BRITO.ID, BERITA MUAROJAMBI - Penyintas COVID-19 adalah orang yang pernah terpapar virus Corona dan berhasil bertahan hingga dinyatakan sembuh.
Sebelumnya, para penyintas ini tidak divaksin lantaran dalam tubuhnya sudah tercipta imun alami. Namun sekarang, para penyintas ini sudah bisa divaksin. Selain para penyintas, para lanjut usia (Lansia) yang berusia di atas 60 tahun juga bisa divaksin.
"Jadi sekarang para penyintas dan lansia sudah bisa divaksin. Ini sekarang kita tengah mempersiapkan untuk memvaksinasi ibu Bupati kita di gelombang kedua ini, karena beliau kan termasuk penyintas. Kita masih menunggu jadwal beliau," kata Kepala Dinas Kesehatan Muarojambi Afif Udin Senin (15/3/21).
Afif menyebut, saat ini pihaknya tengah menjalani program vaksinasi gelombang kedua. Di program vaksinasi gelombang kedua ini, salah satunya akan diimunisasikan kepada Bupati dan Wakil Bupati Muarojambi.
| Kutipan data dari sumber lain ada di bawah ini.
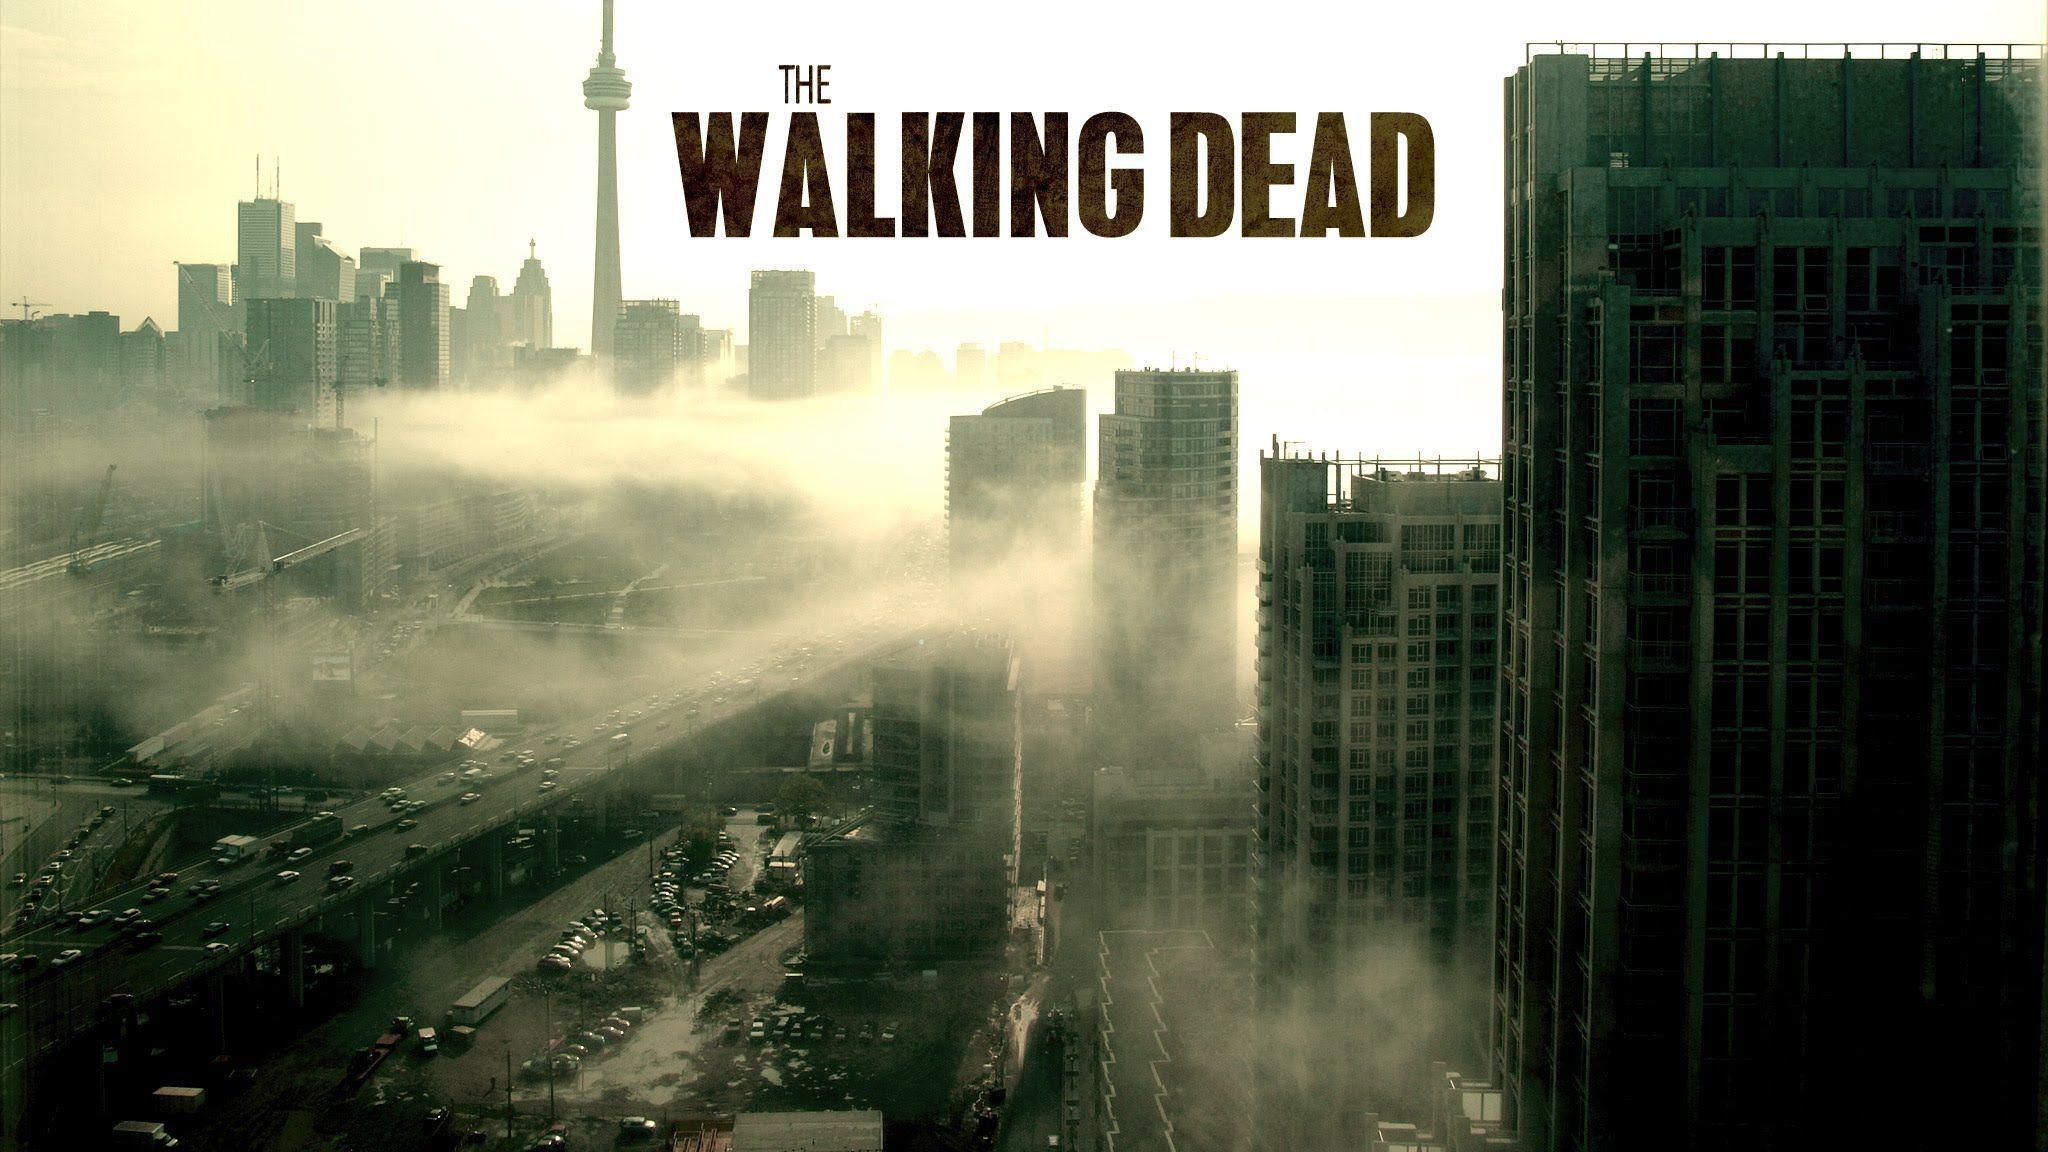 Image For The Walking Dead Season 5 Poster Download Walking Dead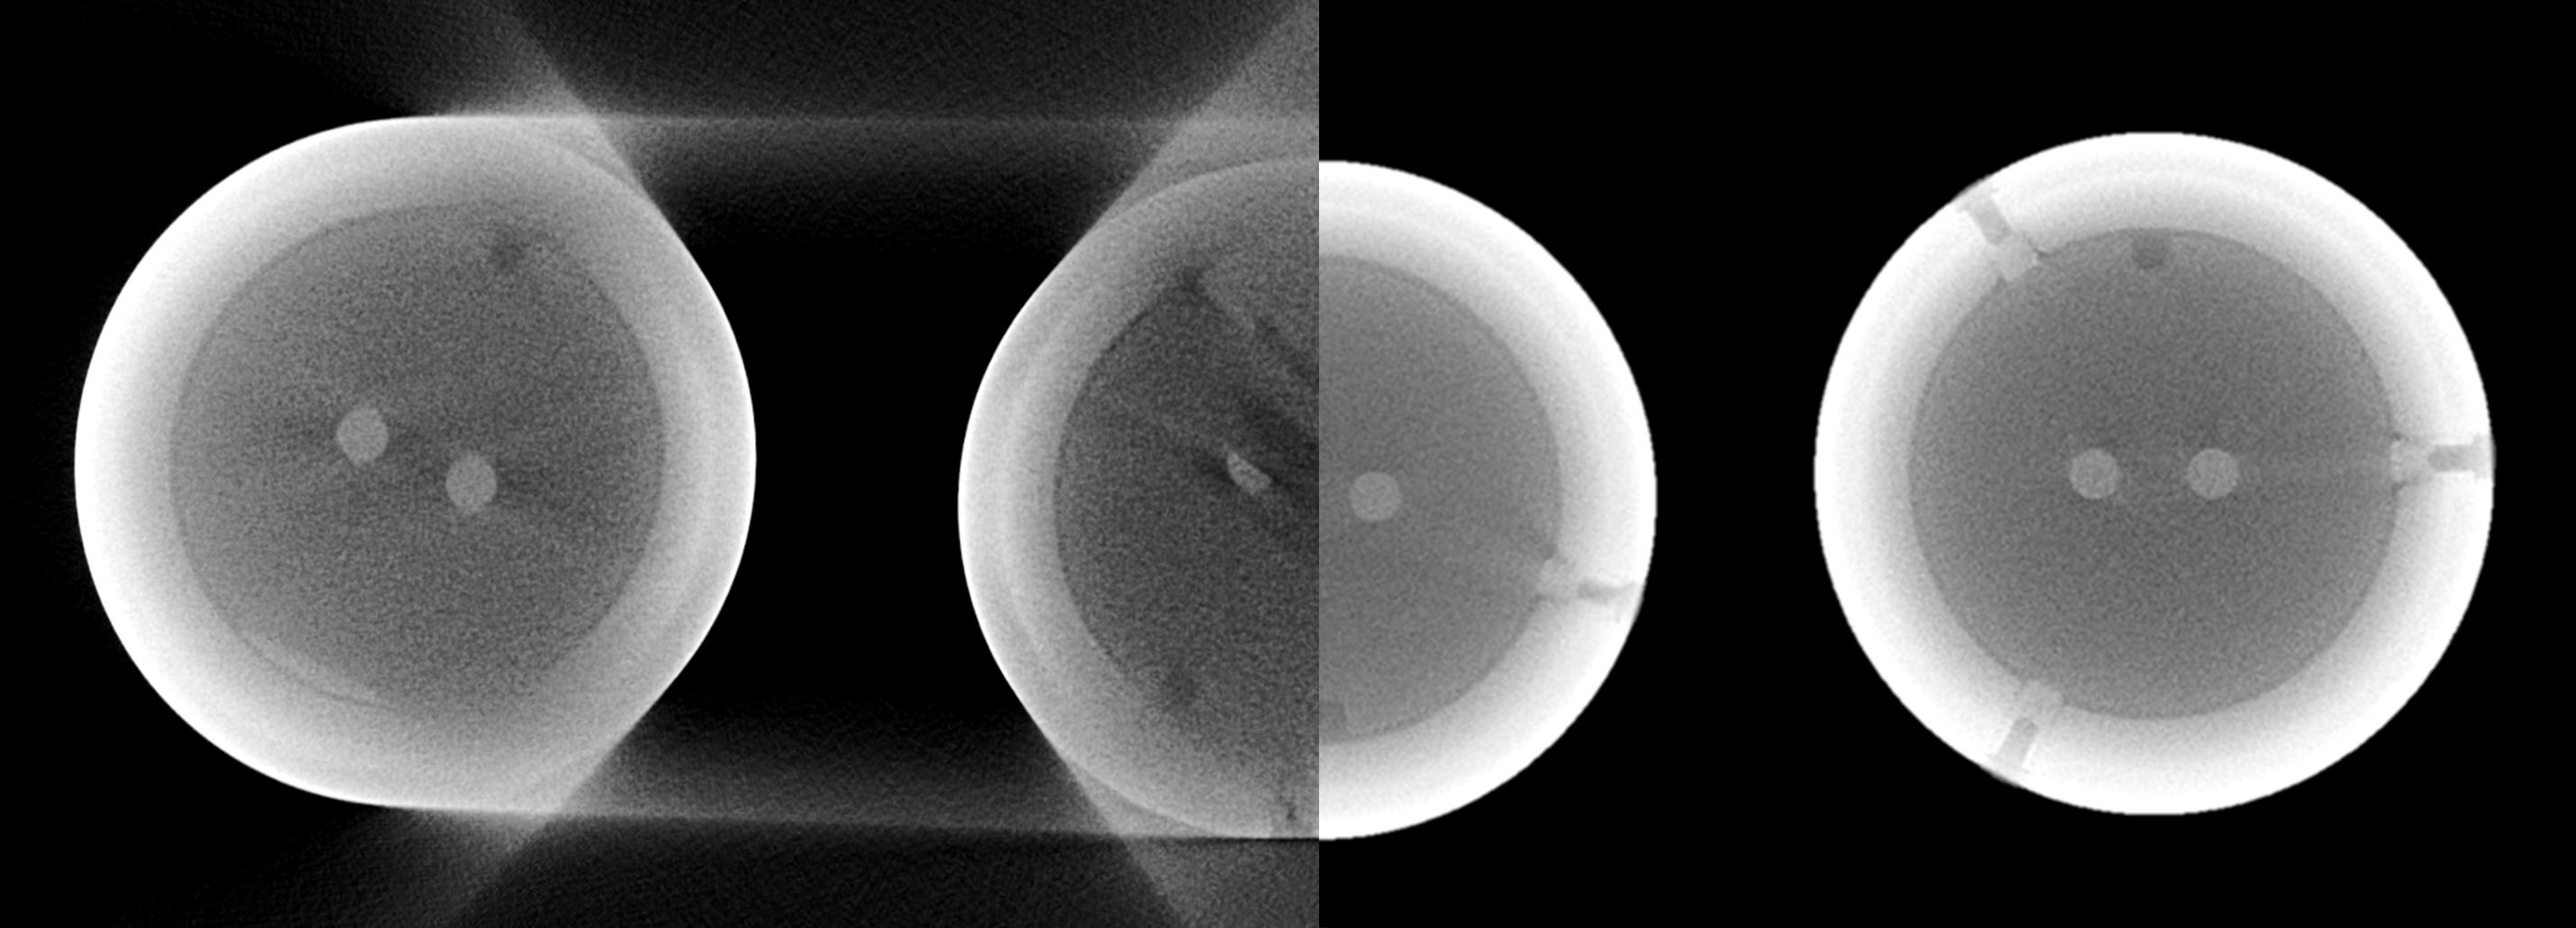 Filament eines Röntgenstrahlungsquelle - links konventioneller 3-fach Scan | rechts PolyCT Scan

Selain itu, juga kepada sasaran yang ditentukan yakni Polri/TNI serta pelayanan publik dan tokoh masyarakat.
"Melalui media ini, kita juga mengedukasi dan menginformasikan edaran terbaru ini bahwa penyintas dan lansia sudah boleh divaksin. Untuk para penyintas ini bisa divaksin setelah 3 bulan dinyatakan sembuh,. Jadi bagi para penyintas dan lansia tak perlu ragu untuk divaksin," kata Afif.
Afif juga mengungkapkan, saat ini pihaknya sudah menerima 1.840 dosis vaksin sinovac COVID-19 dengan jumlah sasaran 920 orang. Setiap orang divaksin dengan dua kali dosis dalam interval 2 Minggu atau 14 hari.
"Kalau jumlah data sasaran di gelombang kedua ini 10.000 sasaran. Saat ini kita tengah berproses untuk memvaksinasi sesuai dosis yang kita terima yakni 1.840 dosis, dengan " kata Afif.
Afif menyebut, saat ini pihaknya juga gencar mempersiapkan data sasaran para penerima vaksin. Mulai dari nomor induk kependudukan sampai beberapa data pendukung lainnya.
"Kita terus kumpulkan datanya agar program vaksinasi ini sukses untuk menekan angka penyebaran COVID-19. Mulai dari data ASN, guru hingga termasuk juga para wartawan," kata Afif.